Alex also tells us that the best way to speed up recovery time is to get 8 hours sleep a night.
And if you want to be able to lift more weight with the power of your mind, Alex has the answer. Motivational self-talk, visualisation of success, and taking on an alter-ego can all help to improve your mental game.
Run fast. Lift heavy. Eat hard. That’s the motto of Manchester health and fitness marketer, Sarah.
In search of “a juicy, meaty, round butt” through training, Sarah’s mantras are: “Make it count”, and “Suck it up”
In between training and work, Sarah finds the time to share her goals and progress with her readers. She’s no quitter, and got her deadlift PB from 80kg to 100kg in just a few weeks this summer.
Team GB bobsleigh team member, David Coleman doesn’t think women should be afraid of weight training, recommending it to both sexes as a way to de-stress and “make your life way more awesome”.
He’s got some great tips for shifting stubborn body fat. Squats or deadlifts will be far more effective than abs curls, simply because they use more calories.
Wavering between strength training and cardio? David believes that both can play a part in your overall fitness regime. Circuit training and kettlebell workouts can give you the best of both worlds!
Does cardio bore you to tears? Trainer Andy Graydon reckons you should try High Intensity Interval Training (HIIT) – intense bursts of activity followed by resting or active recovery periods. You don’t need any equipment, and you can spend just 10 minutes doing some bodyweight HIIT in your own bedroom!
Working towards competing in men’s physique contests, Andy played squash at a national level before finding a love for resistance and strength training.
Andy also likes to debunk a myth or two – did you know that ‘More time in the gym means more results’, and ‘You have to lift heavy to get big’ are both common misconceptions?
Commonwealth powerlifting champion Phil Richard is just about to head to the World Championships.

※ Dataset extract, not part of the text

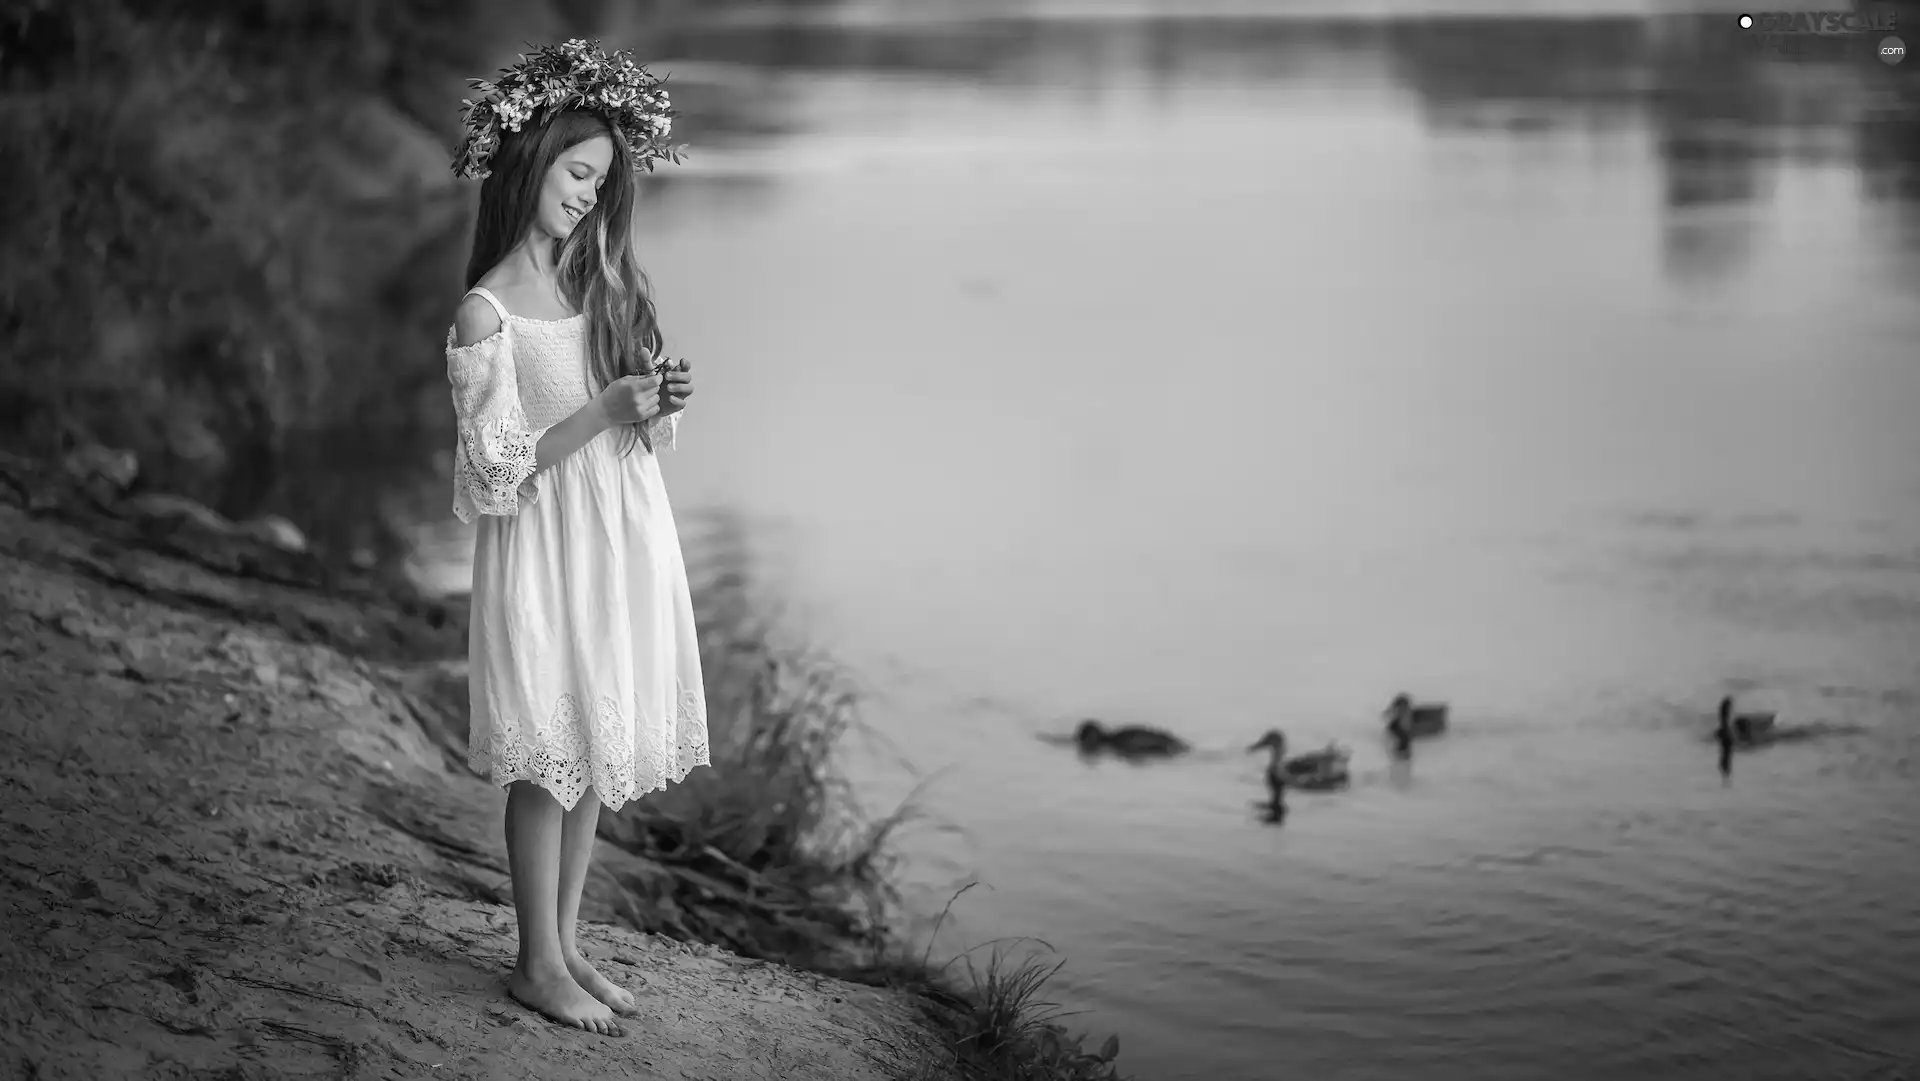 girl, River, ducks, wreath

Phil’s diary-style blog records his powerhouse training and competition lifting, and, given his astonishing physique, it’s no surprise that he recently took the British Open and Masters record by benching 216 kgs!
It’s not all deadlifts and presses, though – Phil still finds time to increase his mobility with yoga, which has the added benefit of helping him relax from his strenuous routines.